The operational costs of ammonia recovery with the gas-permeable membrane system and subsequent phosphate recovery as magnesium phosphate (newberyite) were calculated on the basis of treating the anaerobically digested liquid swine manure from a typical 4000-head swine finishing farm in North Carolina growing pigs from 22.7 to 100 kg (50 to 220 lb) with a 245,000 kg (540,000 lb) steady-state live weight (SSLW). Treatment variables used in the calculations are based on the experimental work of Vanotti et al. (2017, 2018) obtained with anaerobically digested swine manure and these conditions: 1) raw swine manure is produced at a rate of 21.8 m3 d-1 (7,957 m3 yr-1) and contains 2,007 mg TKN L-1 and 494 mg TP L-1 (Vanotti et al., 2009); 2) after anaerobic digestion, 80% of the TKN and TP in raw swine manure is available as NH4+ and PO43- for recovery by the system; 3) N recovery efficiency is 98% and P recovery efficiency is 99%; 4) amount of H2SO4 needed to capture N calculated from mole ratio of ammonium sulfate (3.5 kg of acid per kg of N recovered), amount of nitrification inhibitor (niyrapyrin) used in the N recovery step is 22.5 mg L-1, and amount of MgCl2.6H2O applied as P precipitating compound is 3.0 g L-1 based in the P concentration and a Mg:P molar ratio of about 1:1.2 (Vanotti et al., 2018). Equipment needs for the N capture include membrane modules, feed pump, acid pump and controls, tanks, blower and piping as described by Dube et al. (2016) for a total annualized cost of equipment of $21,059. Equipment needs for the subsequent P recovery section include chemical feeding equipment, a 0.3 m3 chemical mixing chamber, an 8.8 m3 settling tank to separate the P precipitate, and dewatering unit to dry and bag the P product for a total annualized cost of P extraction equipment of $6,530 ($43,820 initial investment). The amount of NH4+ and PO43- available after anaerobic digestion for the 4,000-head swine operation is 35.1 kg N per day-1 and 8.6 kg P per day, respectively.

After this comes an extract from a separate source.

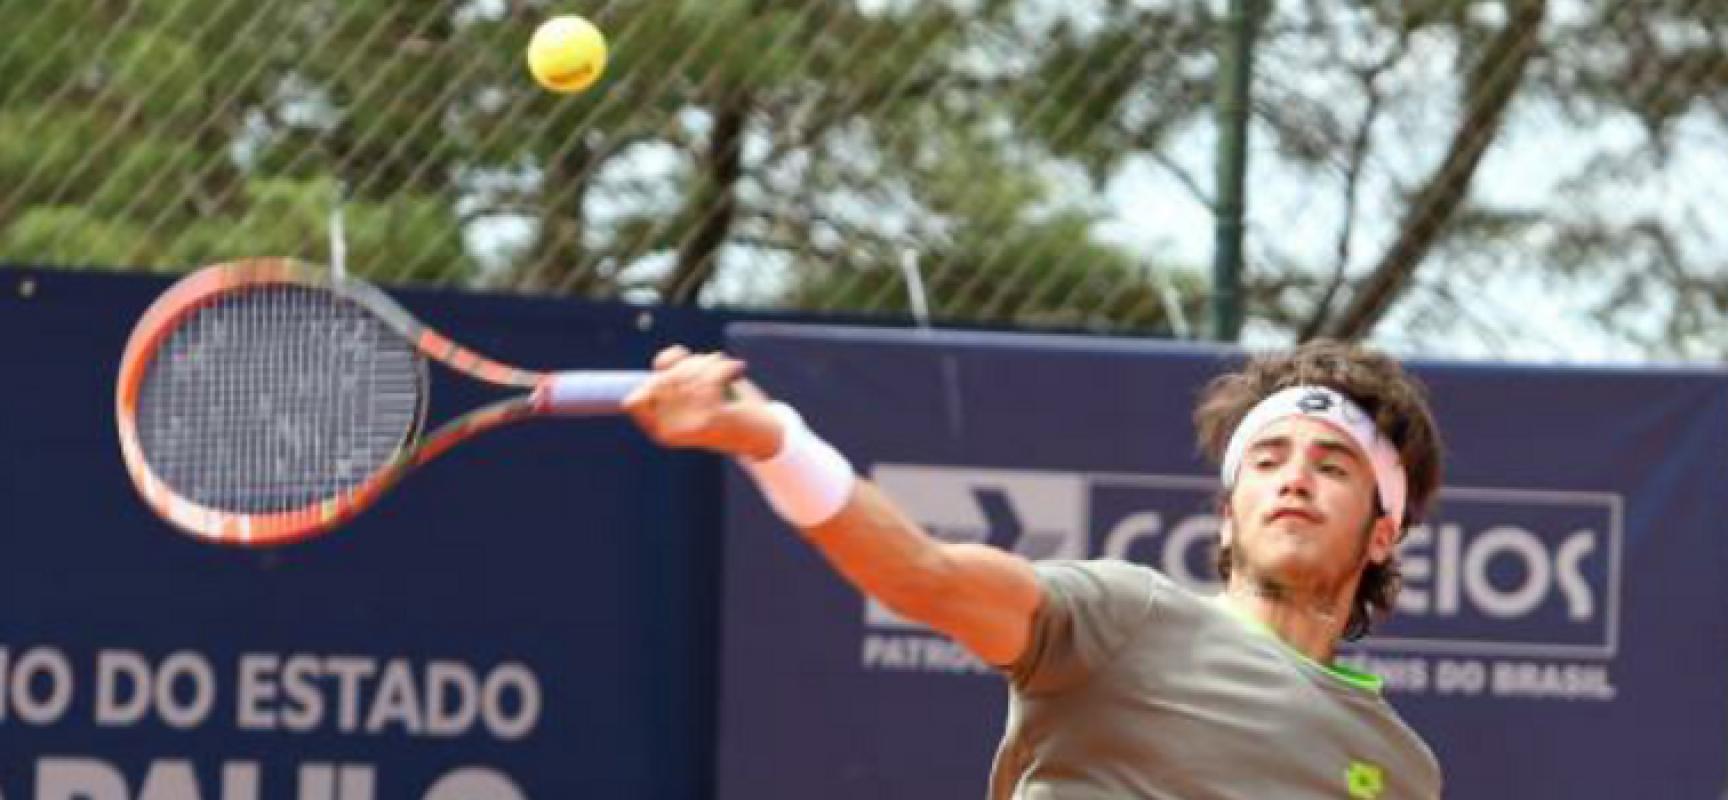 Tennis, Pellegrino eliminato al primo turno degli Australian Open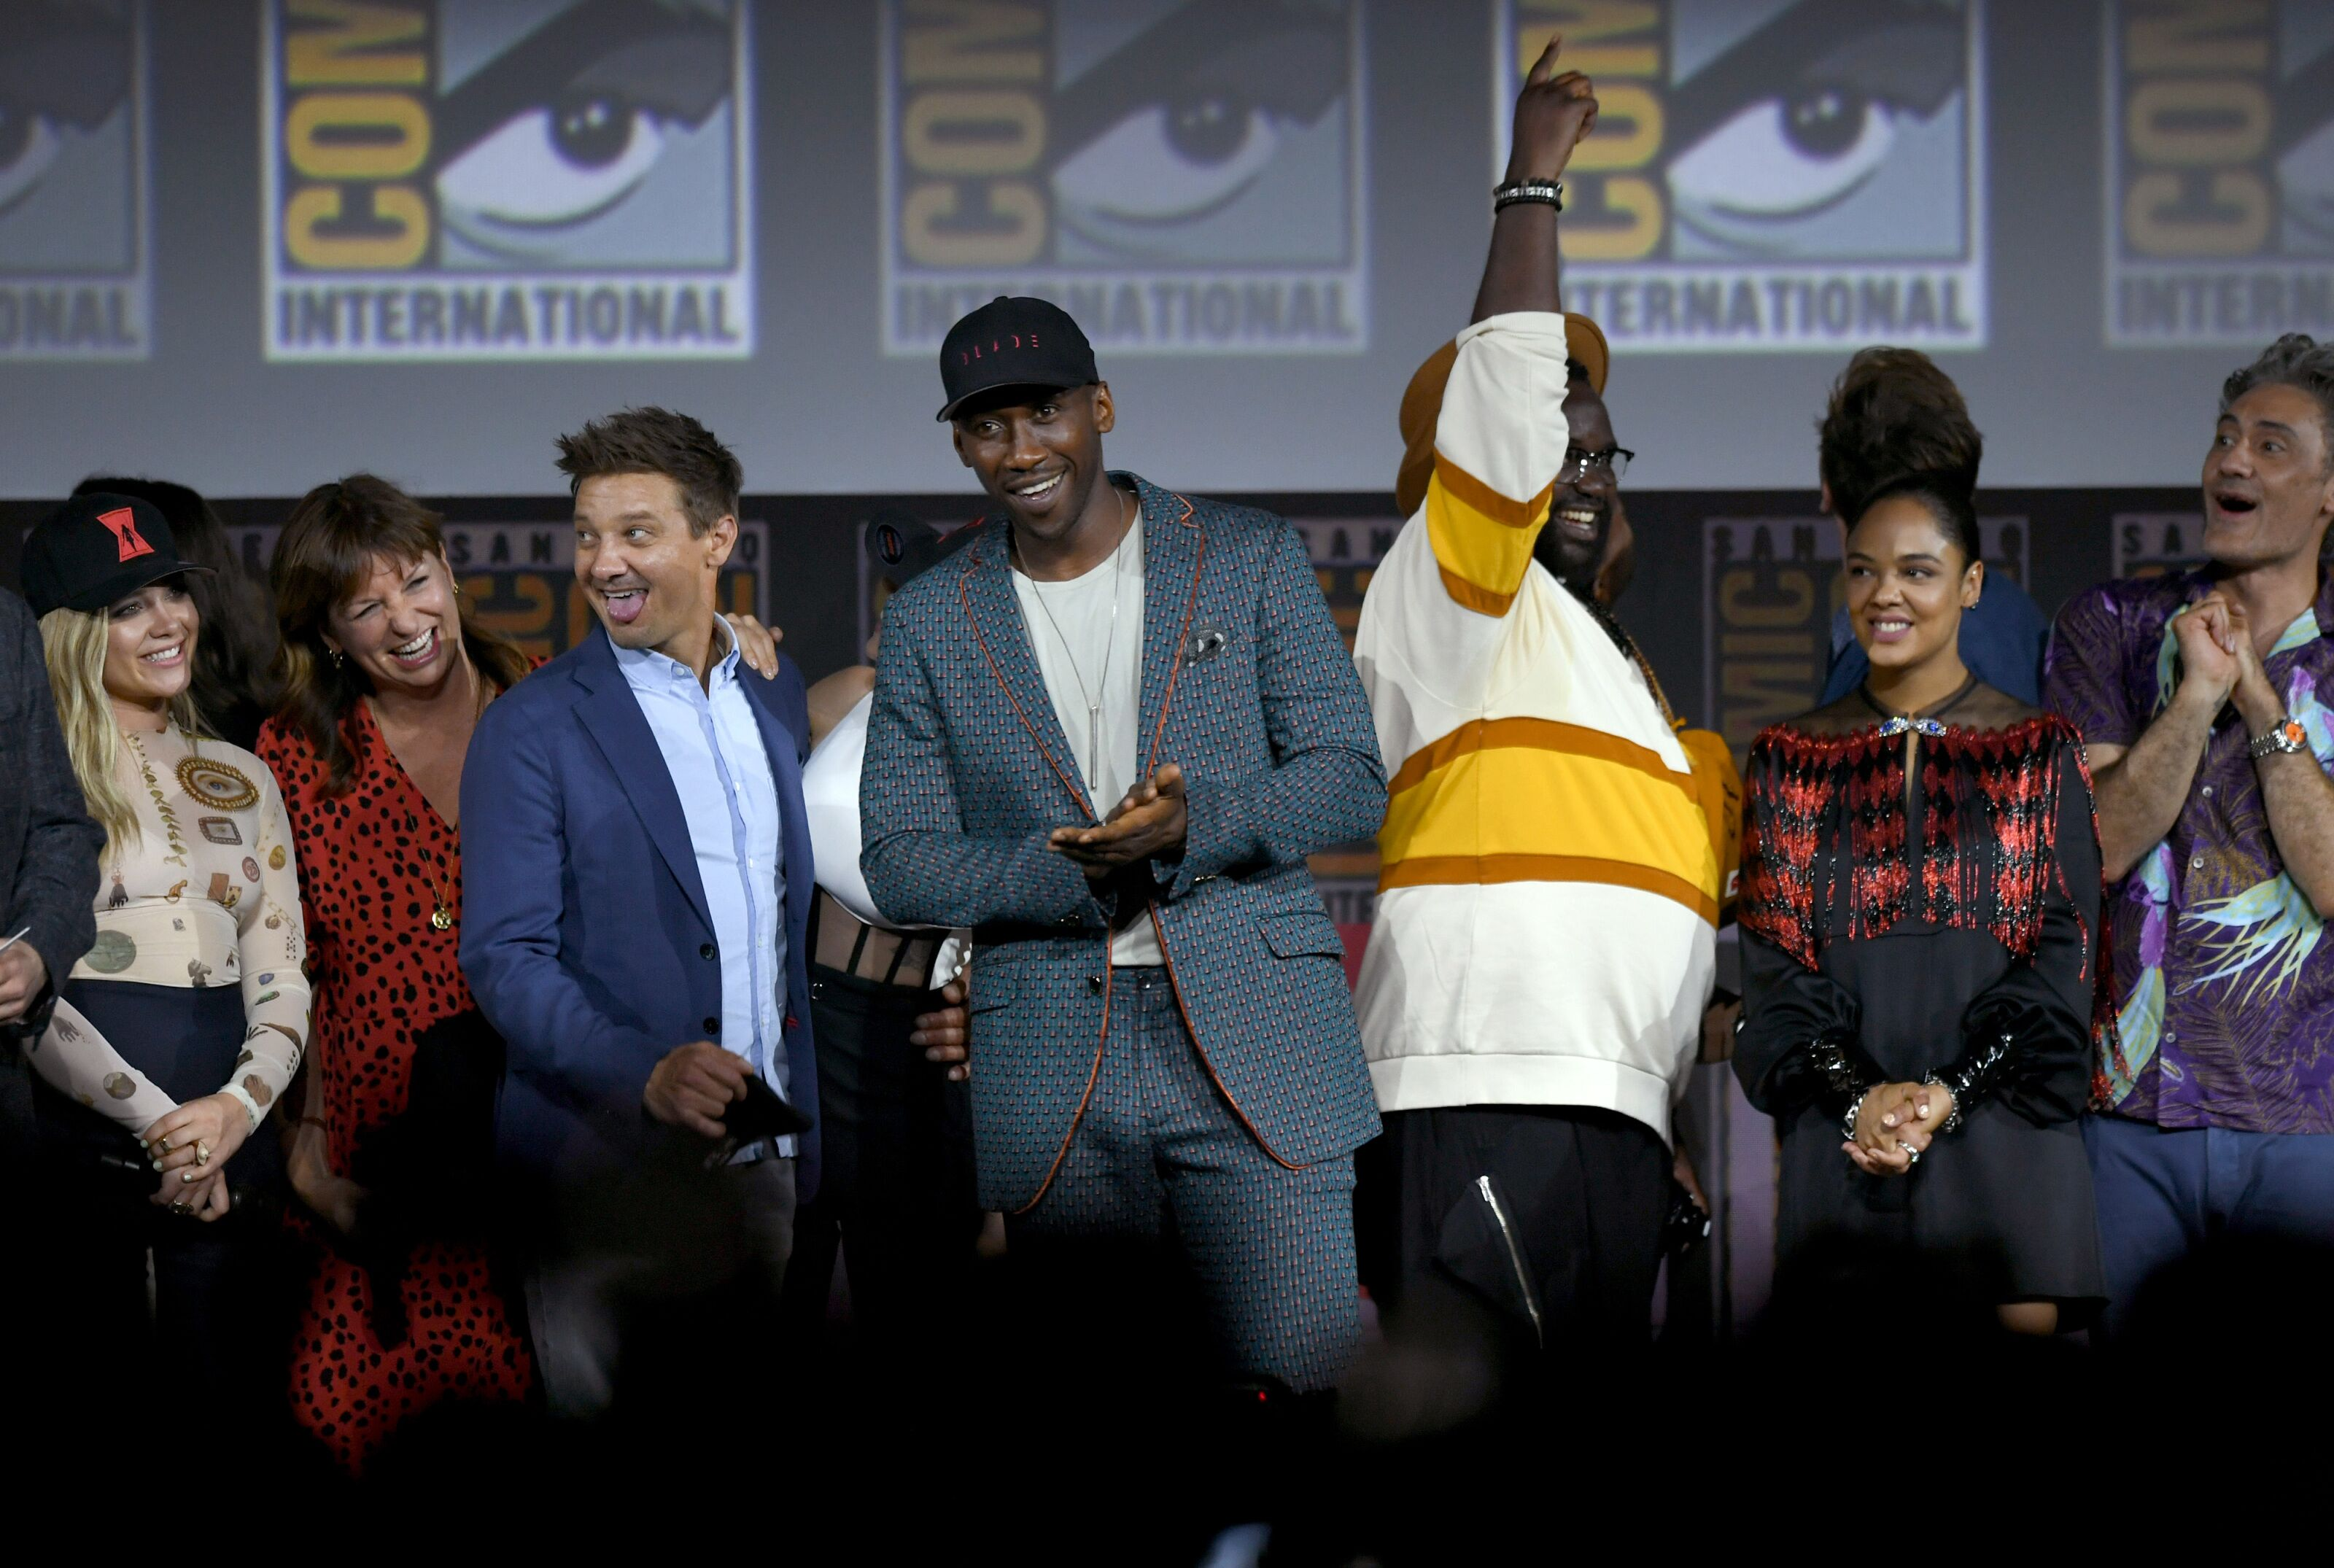 Hulu Originals: Star of Marvel Studios' Blade reboot set to cameo in Ramy Season 2

The operational costs to recover the N are calculated using an average recovery efficiency of 98%, with the amount of N recovered per year from this operation at 12,547 kg. The dosage of sulfuric acid (H2SO4) to absorb this N is 120 kg d-1 and the annual cost of acid is $14,053 (unit cost = $0.32 kg-1). For nitrification inhibitor, using nitrapyrin (commonly used for farming) at 22.5 mg L-1 concentration, the dosage is 0.5 kg d-1. The resulting cost of nitrification inhibitor is $1,794 per year (unit cost = $10 kg-1). Power consumption for the blower to provide low rate aeration (to increase the pH approximately 1 unit ~9.4 and facilitate membrane N uptake) is 13.7 kWh/d, and for influent and N module pumps is 26.4 kWh d-1 that amount to a total power consumption of 40.1 kWh d-1, resulting in an annual electrical cost of $1,020 (unit cost = $0.0698 kWh-1). Therefore, using the gas-permeable membrane method and low-rate aeration to increase the manure pH, the estimated operational annual cost (chemicals + power) for recovering the manure N in a 4,000-head swine farm that uses anaerobic digestion is $16,867. Expressed in terms of pig live weight in the farm (540,000 lb), the annual operational cost to recover the manure N is $31.23 per 1000 lb SSLW per year. In terms of the volume of manure treated (7,957 m3 yr-1), the operational cost to recover the N is $2.12 per m3 (0.2 cents per L).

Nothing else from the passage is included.